October 06, 2009 |  


Oct. 1, 2009

A Tel Aviv District Court judge on Wednesday ruled that Tel Aviv University
had "violated freedom of expression and succumbed to pressure from the
Chinese Embassy" when it took down a student exhibition last year that
focused on the oppression of the Falun Gong spiritual movement at the hands
of the Communist Chinese government.

The exhibition, which featured 25 paintings by 17 artists from around the
world, depicted Falun Gong spiritual practices and the torture and
executions its members have reportedly been subjected to in recent years.

The movement, which is based on an ancient Chinese meditation method that
aims to bring its practitioners to higher spiritual enlightenment, was
outlawed in China in 1999. Some of the artists, who are survivors of China's
hard labor camps, had endured the very tortures portrayed in the paintings.

The exhibition was originally approved by the head of the Asian Studies
department at TAU, Prof. Yoav Ariel, along with the university's
administration, which allotted nearly two weeks in March 2008, for the
presenters to show the paintings inside the central on-campus library.

But after just two days, organizers were told that the exhibition had to be
removed.
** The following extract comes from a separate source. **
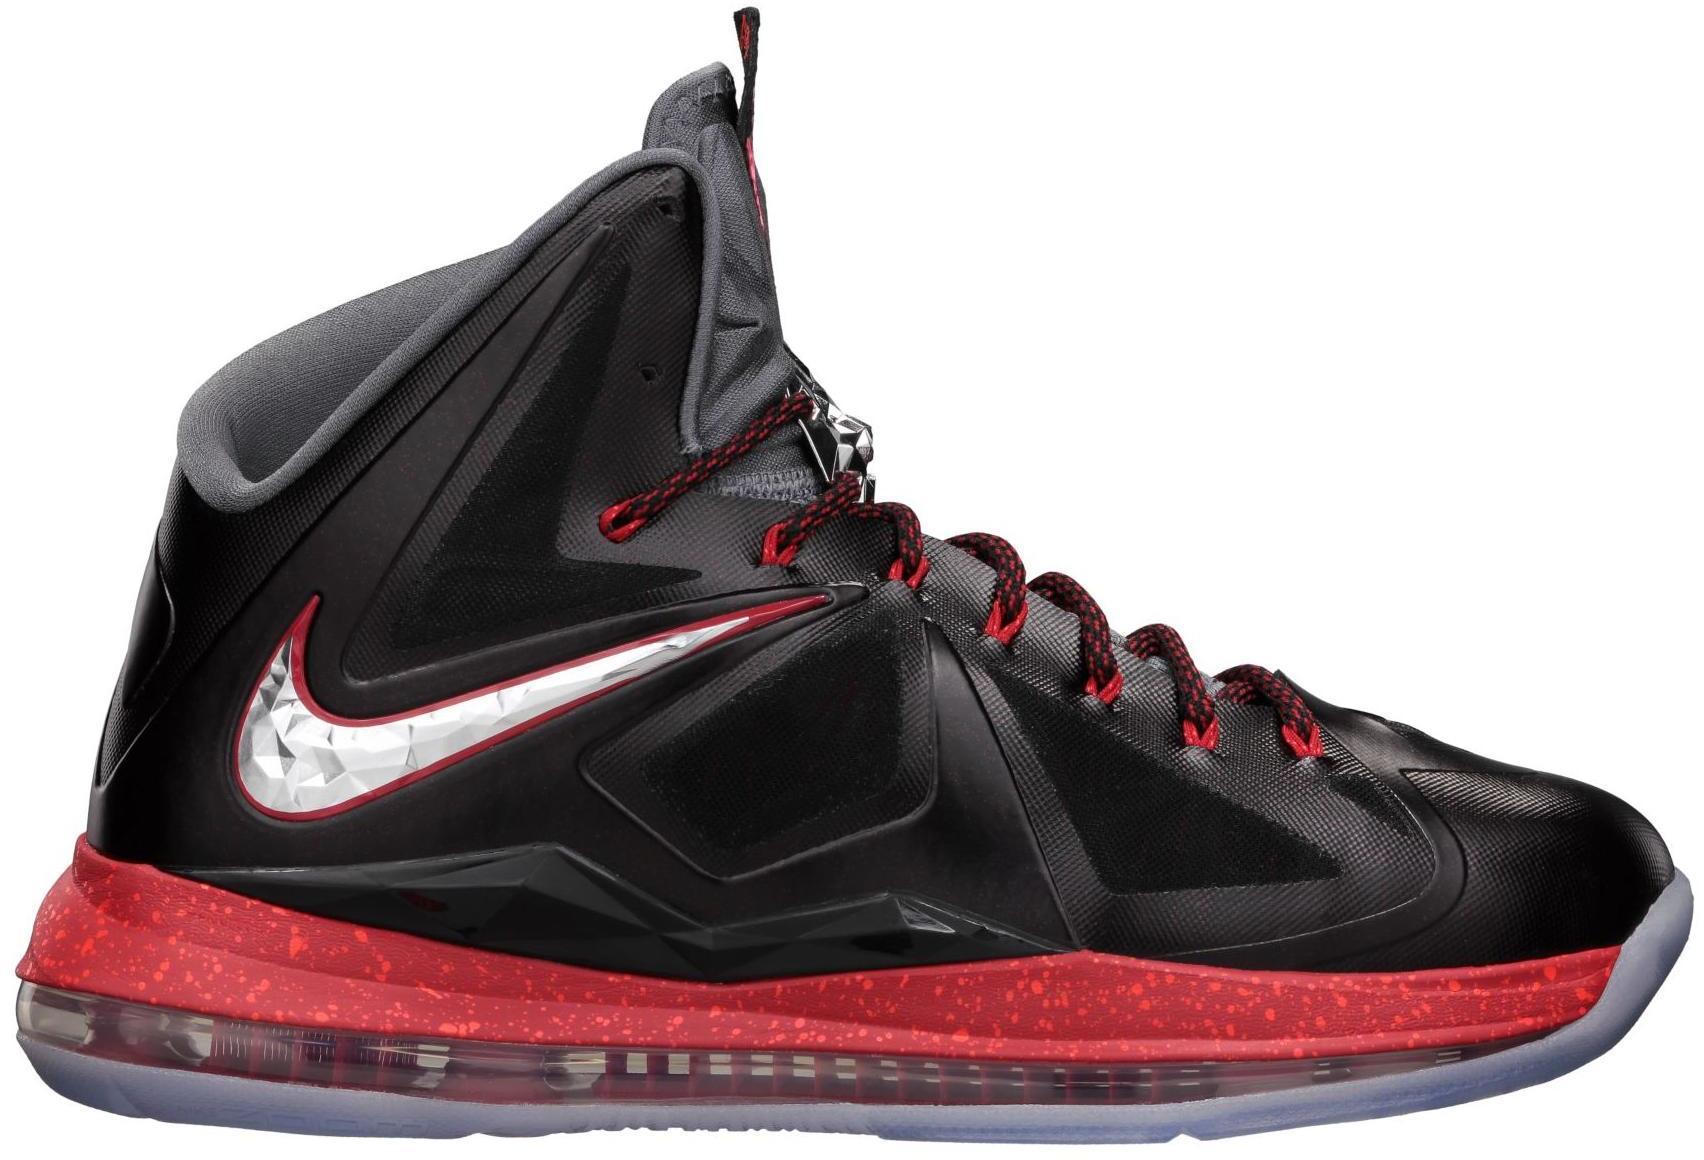 Nike LeBron X+ Pressure - 598360-001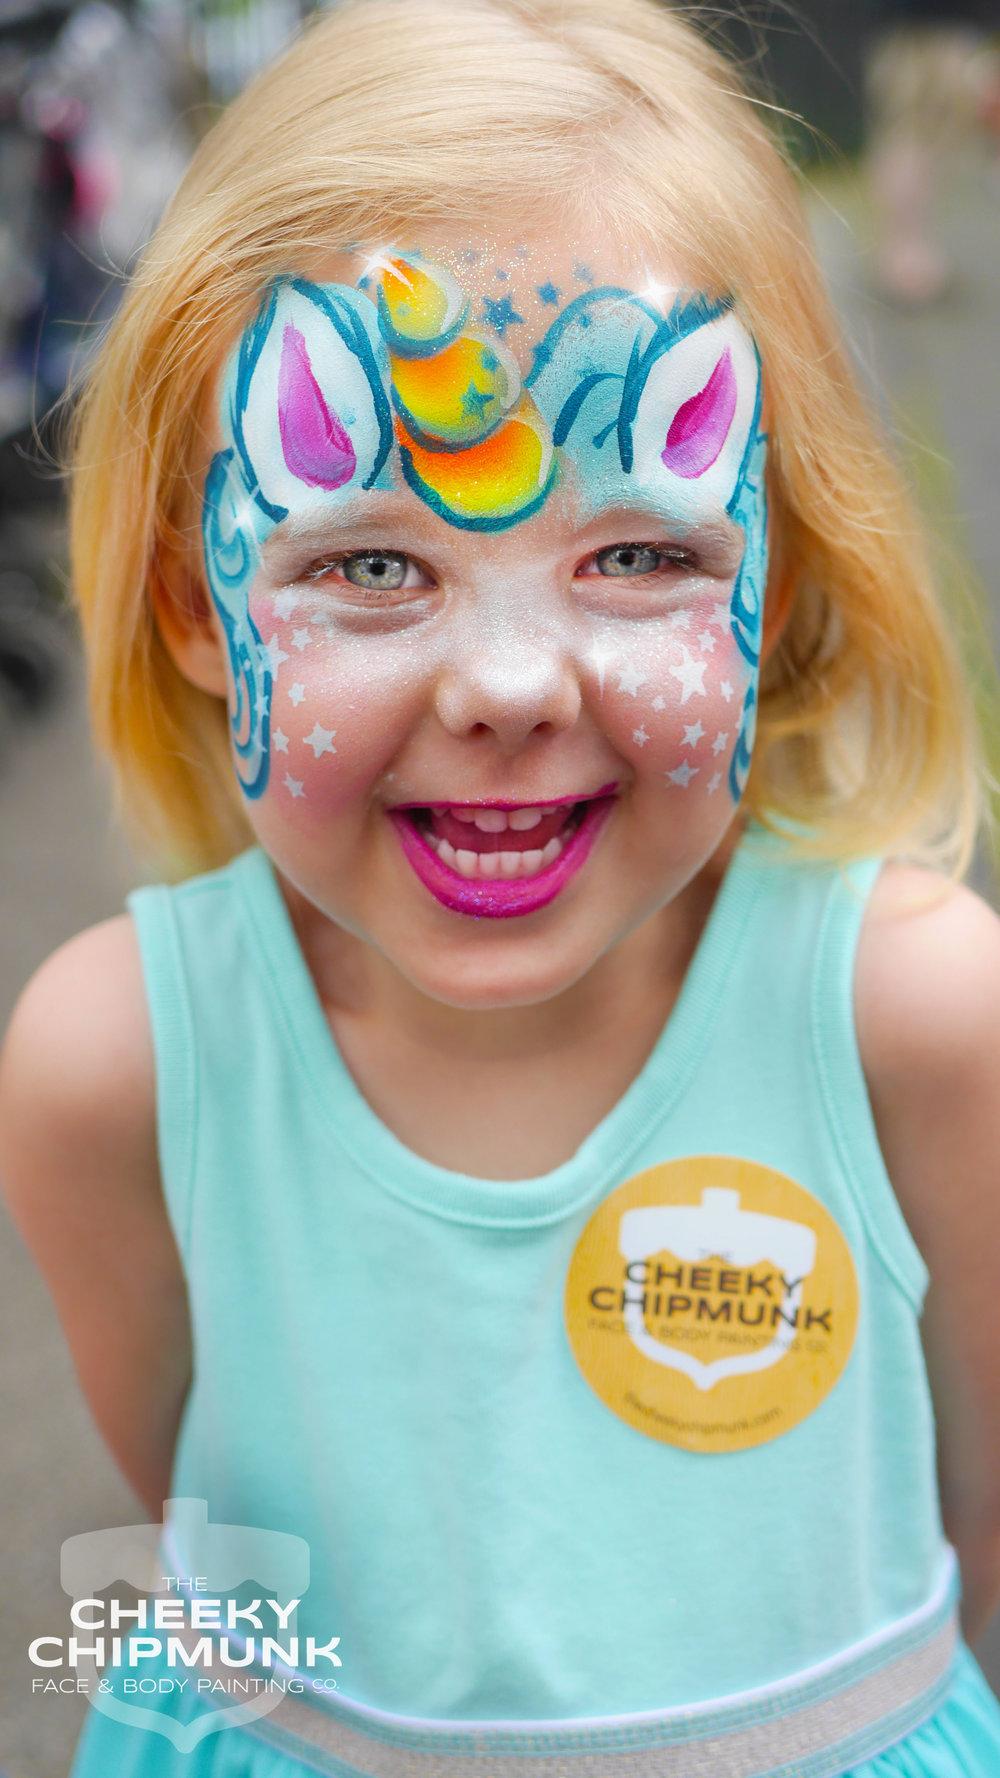 unicorn_toddler_franchesca_birthday_party_astoria_park_thecheekychipmunk_lenorekoppelman.jpg

After initially protesting the move, they were given an additional
three days to hold the exhibition, but were then told it had to come down.

The two students who had organized the exhibition, Yaniv Nitzan and Itay
Tamuz, were incensed, and claimed that the decision to shut down the
exhibition had been made after TAU was pressured by the Chinese Embassy in
Tel Aviv, the two took the matter to court.

Nitzan and Tamuz filed the petition against both TAU and the university's
student union, both of whom appear as defendants on the court documents.
According to a student union member close to the case, the pair had been
under the impression that because the student union had refused to take
sides in the matter until a legal ruling was issued, it, too, opposed the
exhibition.

Nonetheless, after more than a year of legal battles, Judge Amiram Benyamini
ruled on Wednesday that TAU had "succumbed to pressure from the Chinese
Embassy, which funds various activities at the university, and took down the
exhibit, violating [the students'] freedom of expression."

Benyamini also stipulated as part of his ruling that the exhibition be given
another week to be shown, and ordered TAU to pay some NIS 45,000 for the
students' court costs.

TAU declined to comment on the matter Wednesday afternoon, and a spokesman
at the Chinese Embassy refused to comment, telling The Jerusalem Post that
it was "a holiday" before hanging up the phone.

The TAU student union, however, which was not affected by the ruling, issued
a response expressing its solidarity with the students, and called on the
university to "encourage pluralism and freedom of expression amongst the
student body."

"As part of this, the student union will assist the organizers in their
efforts to present the exhibition on campus. From the moment that the
university decided to do away with the exhibition, the union waited for the
legal ruling of the court. After receiving the judge's ruling, we are now
standing with the students who initiated the exhibition, and will assist
them in any way they might need to present the exhibition anew."